== Segment start ==
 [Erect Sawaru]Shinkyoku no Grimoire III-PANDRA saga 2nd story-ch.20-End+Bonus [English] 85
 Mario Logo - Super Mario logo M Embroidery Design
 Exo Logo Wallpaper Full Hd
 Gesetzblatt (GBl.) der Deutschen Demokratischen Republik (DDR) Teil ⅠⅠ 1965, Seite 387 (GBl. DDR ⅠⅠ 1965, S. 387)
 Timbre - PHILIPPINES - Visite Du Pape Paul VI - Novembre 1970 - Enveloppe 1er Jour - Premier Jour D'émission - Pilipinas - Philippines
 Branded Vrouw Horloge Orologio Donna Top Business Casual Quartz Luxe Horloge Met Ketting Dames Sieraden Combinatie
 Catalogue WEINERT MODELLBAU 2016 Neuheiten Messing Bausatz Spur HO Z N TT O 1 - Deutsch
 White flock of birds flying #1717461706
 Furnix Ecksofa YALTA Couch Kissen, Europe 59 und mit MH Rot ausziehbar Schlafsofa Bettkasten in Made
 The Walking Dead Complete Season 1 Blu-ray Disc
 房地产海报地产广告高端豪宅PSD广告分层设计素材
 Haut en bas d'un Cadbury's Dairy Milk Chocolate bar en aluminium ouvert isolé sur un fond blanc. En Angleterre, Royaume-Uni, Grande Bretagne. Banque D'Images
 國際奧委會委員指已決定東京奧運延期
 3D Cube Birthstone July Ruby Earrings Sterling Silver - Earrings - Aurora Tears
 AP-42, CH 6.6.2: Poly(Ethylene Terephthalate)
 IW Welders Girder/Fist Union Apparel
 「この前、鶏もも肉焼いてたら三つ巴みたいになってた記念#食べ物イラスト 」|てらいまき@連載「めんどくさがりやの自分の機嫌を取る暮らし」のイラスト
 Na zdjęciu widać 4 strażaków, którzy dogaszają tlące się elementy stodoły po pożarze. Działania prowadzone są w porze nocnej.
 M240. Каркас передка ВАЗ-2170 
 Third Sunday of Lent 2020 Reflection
== Segment end ==
ASSIGNMENT
Reproduce exactly the lines from the one with "AP-42, CH 6.6.2: Poly(Ethylene" through the last line of the entries, keeping both of those lines and nothing else.

PROBLEM SOLUTION
 AP-42, CH 6.6.2: Poly(Ethylene Terephthalate)
 IW Welders Girder/Fist Union Apparel
 「この前、鶏もも肉焼いてたら三つ巴みたいになってた記念#食べ物イラスト 」|てらいまき@連載「めんどくさがりやの自分の機嫌を取る暮らし」のイラスト
 Na zdjęciu widać 4 strażaków, którzy dogaszają tlące się elementy stodoły po pożarze. Działania prowadzone są w porze nocnej.
 M240. Каркас передка ВАЗ-2170 
 Third Sunday of Lent 2020 Reflection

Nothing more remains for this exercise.